YMGcandlestick2A fine hearing/My friends, this is… Rep. Waxman’s plan for a dissent-free panel this Thursday (Sept. 10) is to call as the only witness CPSC chair Inez Tenenbaum, to talk up the merits of the law and her efforts as new steward of the agency. It’s not as if the law’s controversial or anything! The Handmade Toy Alliance wonders whether he’ll get away with it.

PUBLIC DOMAIN IMAGE from Benjamin Cobb, Yankee Mother Goose (Ella Brison, illustrator), courtesy ChildrensLibrary.org.

4 Comments

  • Doubtless the law as constituted shows major lacks. A much larger budget is needed.

    Bob

  • I used to think that the whole ban on rhinestones on children’s clothes was pretty dumb. However, after watching “Toddlers and Tiaras” on TLC I’m not so sure anymore.

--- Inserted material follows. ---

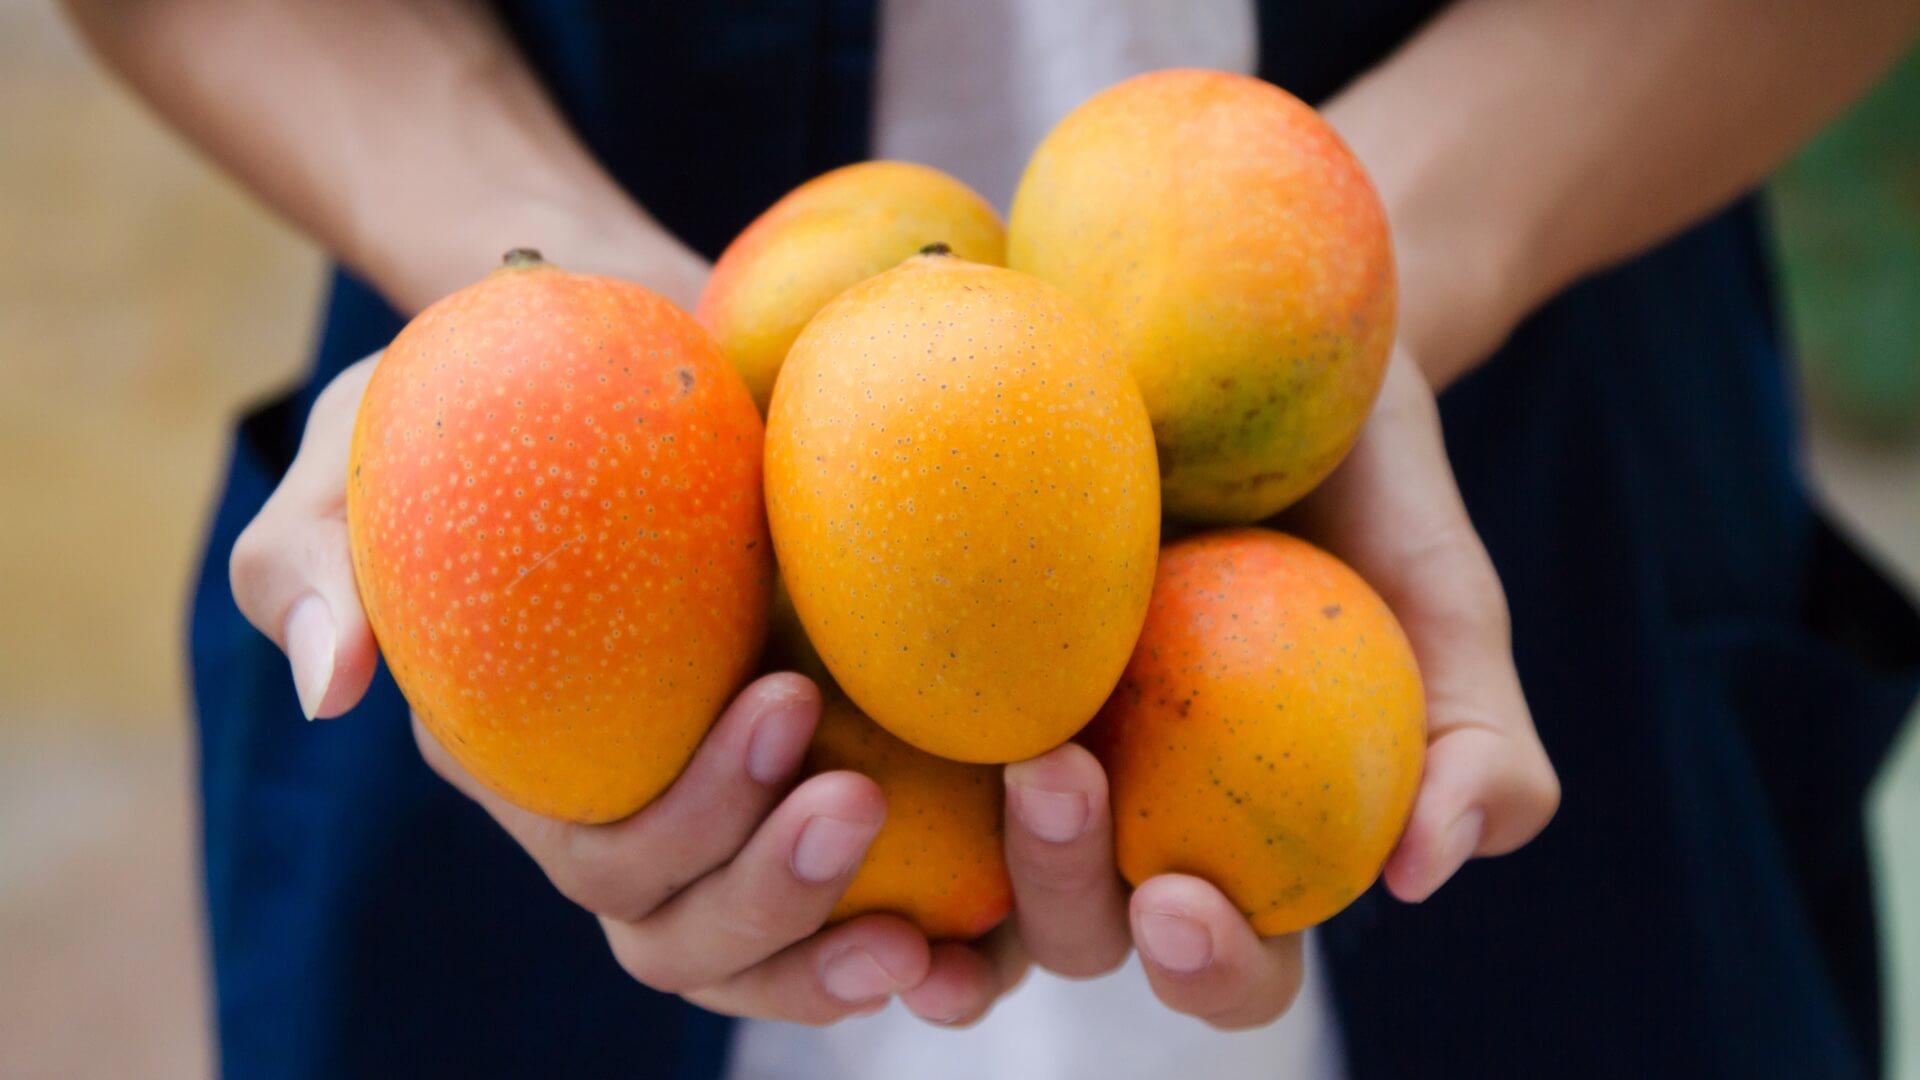 Descubre los manjares de la Costa Tropical y tres recetas sorprendentes

  • While I am elated to finally hear that a hearing is being held to discuss CPSIA, I am speechless with anger that not one single small business that has struggled with this disconnected attempt at further protecting our children has been called forward to testify. The small company that I preside over (66 employees) has served the educational manipulatives marketplace for decades with an exemplary safety record. With this legislation, our ability to continue in business is in jeopardy, not because our products are unsafe but because low volume, low value products cannot support the unnecessary testing and reporting requirements that CPSIA requires. While I appreciate that Congressional and Commission members may come from all walks of life to serve, not one person at this hearing will have sufficient experience with the unnecessary burdens CPSIA places on SMALL business to provide any level of meaningful exploration and dialog during this hearing.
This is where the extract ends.